Fox News Channel’s Jesse Watters dismissed Good’s claim that she is a poet and mocked her for listing pronouns in her online bio, a relatively mild attack compared to others. Without evidence, former President Trump called Good a “professional agitator.” Secretary of Homeland Security Kristi Noem labeled her actions an “act of domestic terrorism.” Meanwhile, Vance described Good’s death as a “tragedy of her own making.”
They accompanied these baseless claims with rhetoric directly contradicted by witnesses and video. Trump falsely claimed that Good “viciously ran over” Ross who was recovering in the hospital. In reality, Good’s car did not run over anyone, and Ross walked away from the scene unassisted. Relatedly, a Department of Homeland Security spokesperson, Tricia McLaughlin, falsely claimed that multiple ICE officers were hurt. McLaughlin also falsely accused Good of “stalking agents all day long, impeding our law enforcement.” In reality, video evidence reveals that Good had been on-site for a few minutes. She had just dropped off her now-orphaned six-year-old child at school and was not blocking the road; in fact, cars can be clearly seen passing her vehicle throughout the footage. A crowd had gathered because an ICE vehicle was immobilized in the snow. Unlike the U.S. Postal Service, which is famously expected to operate in all weather conditions—under the creed, “Neither snow nor rain nor heat nor gloom of night stays these couriers from the swift completion of their appointed rounds”—ICE was visibly struggling to function in the elements.
These fabrications and baseless accusations reveal a profound callousness toward Good’s grieving family, most notably her wife and orphaned child. This stands in stark, bitter contrast to the demands for decorum and empathy that conservatives issued following Charlie Kirk’s death. One would expect a civilized nation to extend basic sympathy whenever a citizen dies: whether they are shot during a chaotic political protest or killed and denied medical attention.
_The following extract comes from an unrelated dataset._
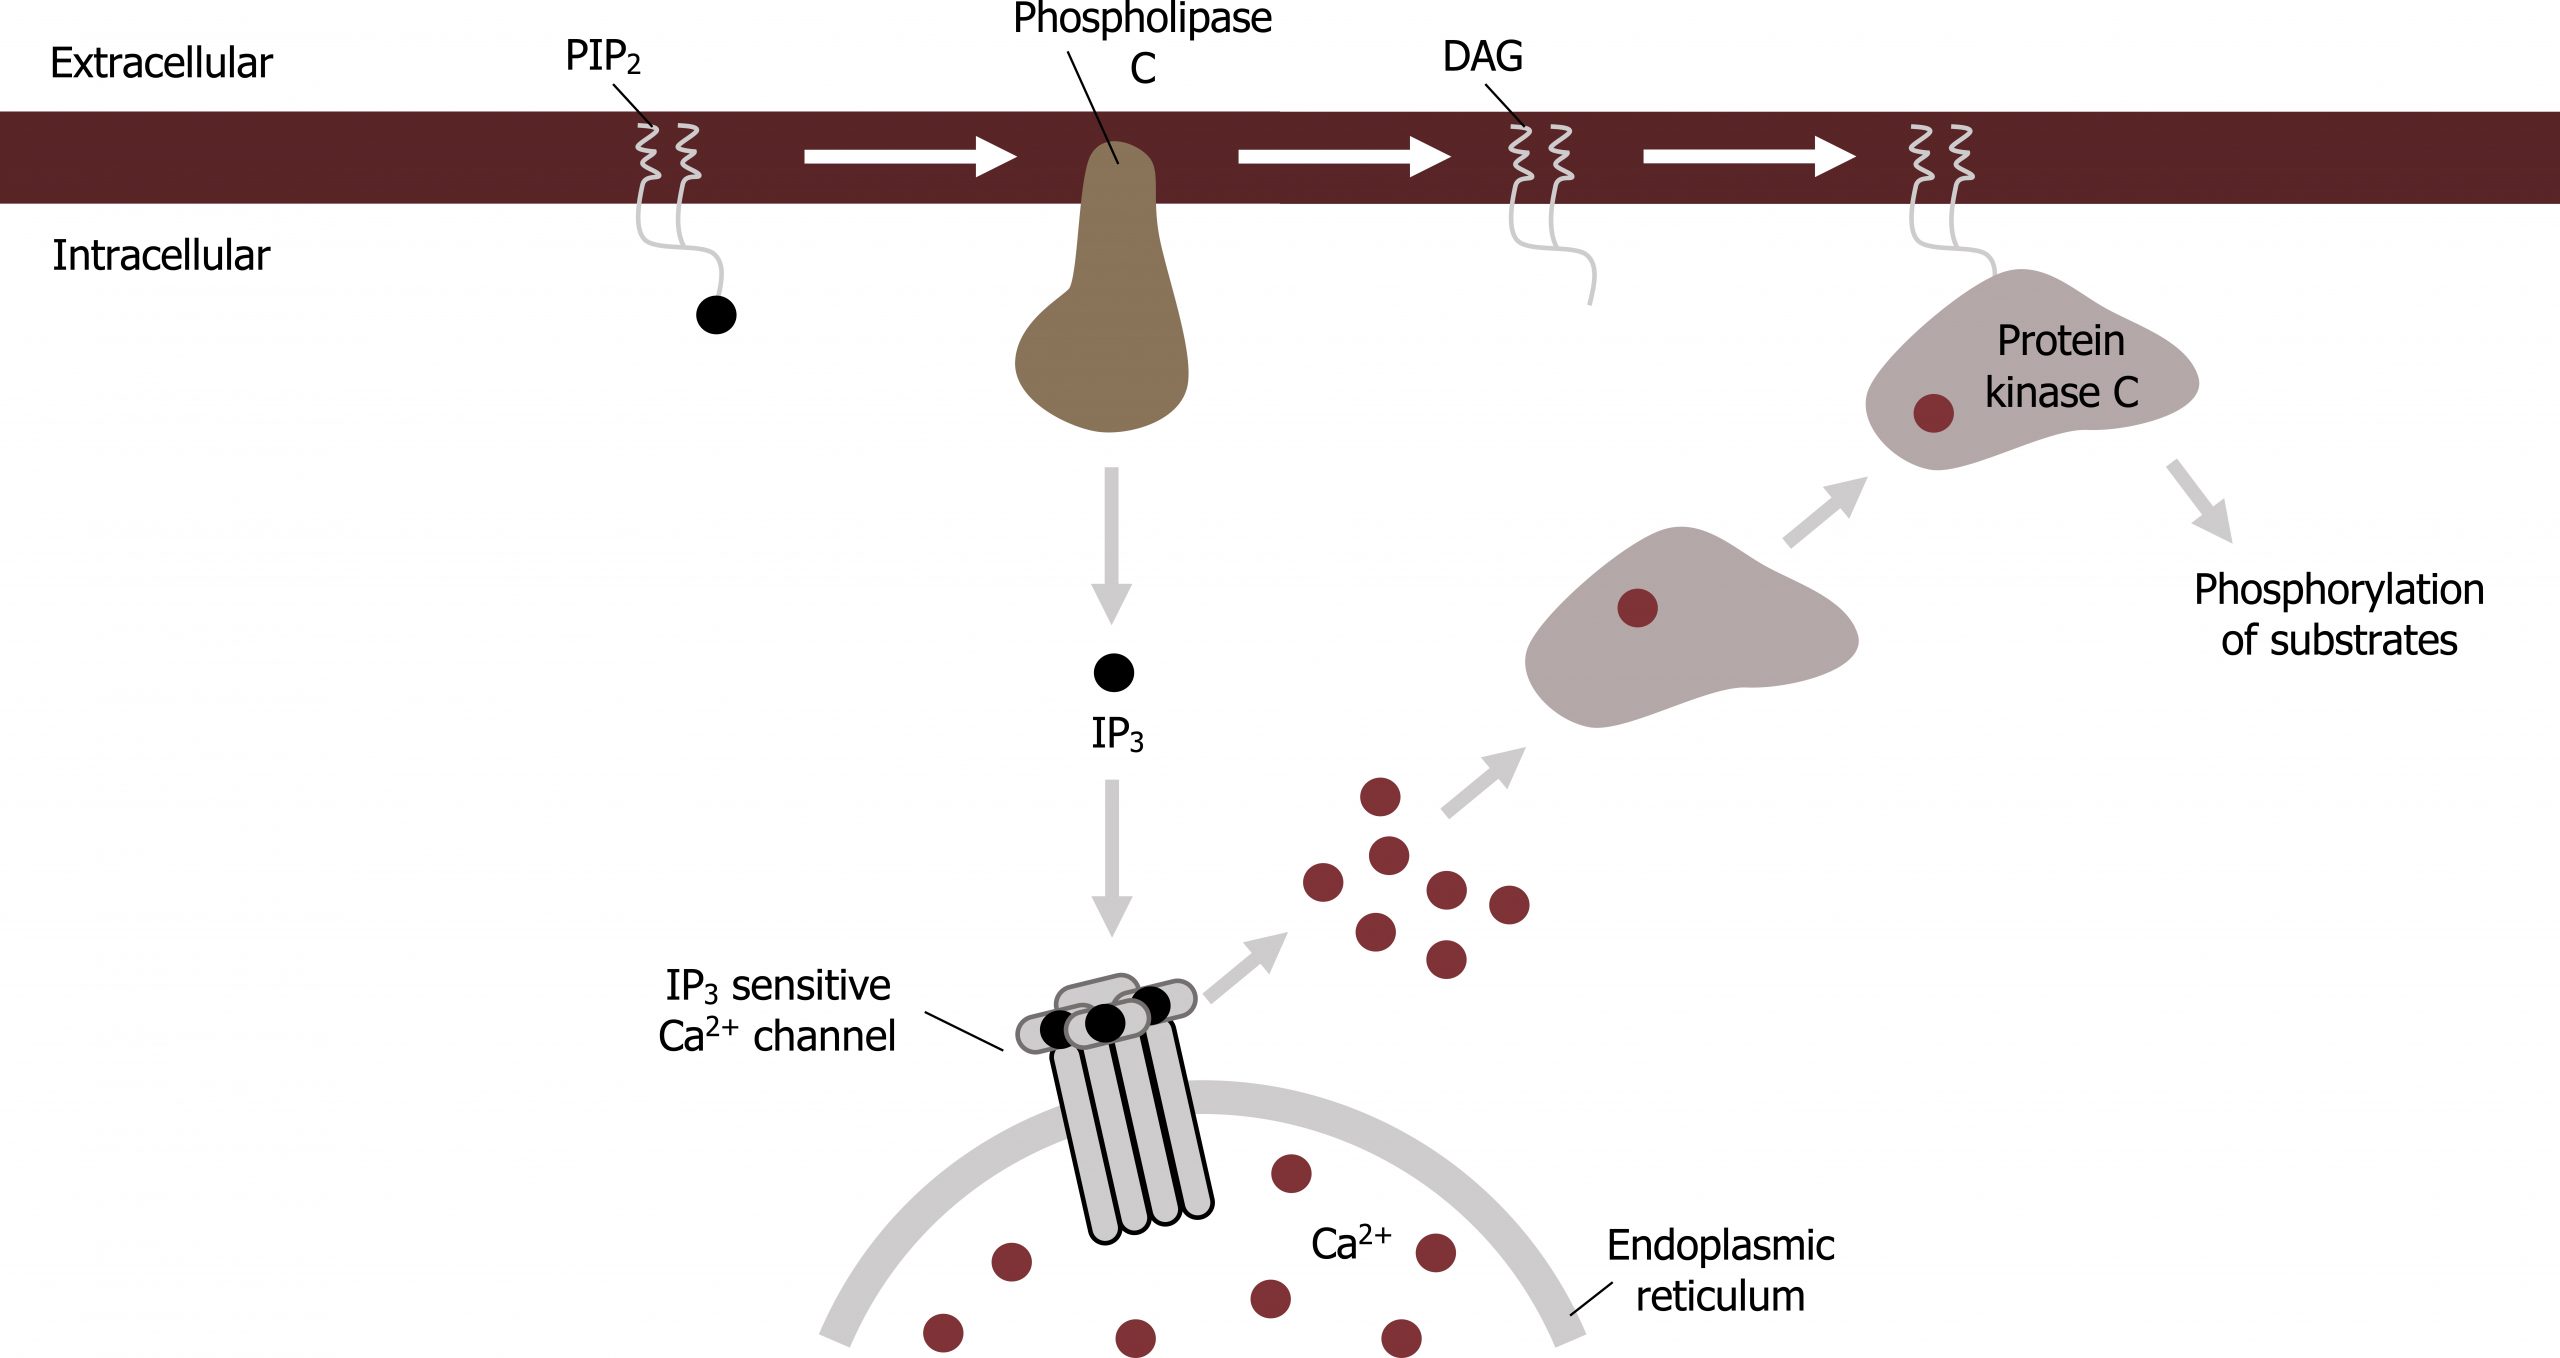 Membrane separating the extracellular and intracellular spaces contains from left to right PIP2, Phospholipase C, DAG, protein kinase C. Phospholipase C emits IP3 which binds to an IP3 sensitive Ca2+ channel embedded in the endoplasmic reticulum. Calcium is sent out of the ER as second messengers in a signaling cascade to Protein kinase C and then completes phosphorylation of substrates.

Faced with such blatant double standards, the nation must finally direct Joseph Welch’s famous rebuke of McCarthyism toward itself: ‘Have you no sense of decency, sir, at long last? Have you left no sense of decency?'”
Rhetorically, most claim to view these incidents as tragedies; in practice, however, they operate with blatant double standards: empathy for one side while displaying callousness, or even cruelty, toward the other. A more sophisticated culture would remember comedian George Carlin’s wisdom: “Let’s not have a double standard. One standard will do just fine.”
Conclusion
To restore the soul of a nation fractured by digital fabrication, there must be a collective refusal to continue this cycle of reflexive tribalism. Engaging in a perpetual war of “us versus them,” where truth is sacrificed for the sake of a partisan win, ensures that everyone loses, and the country remains a casualty of its own division. It is insanity to continue entrusting the national discourse to unregulated algorithms and narcissistic creators, expecting that more of the same will somehow yield a different, more unified result.
The time has come to demand a higher standard: one that prioritizes evidence over engagement and human decency over ideological dominance. By rejecting the lure of the deepfake and the ease of the echo chamber, a path can be cleared toward a more sophisticated culture, one that values critical analysis, insists on corporate accountability, and understands that without a single standard of truth and empathy, the foundations of a functioning democracy cannot hold.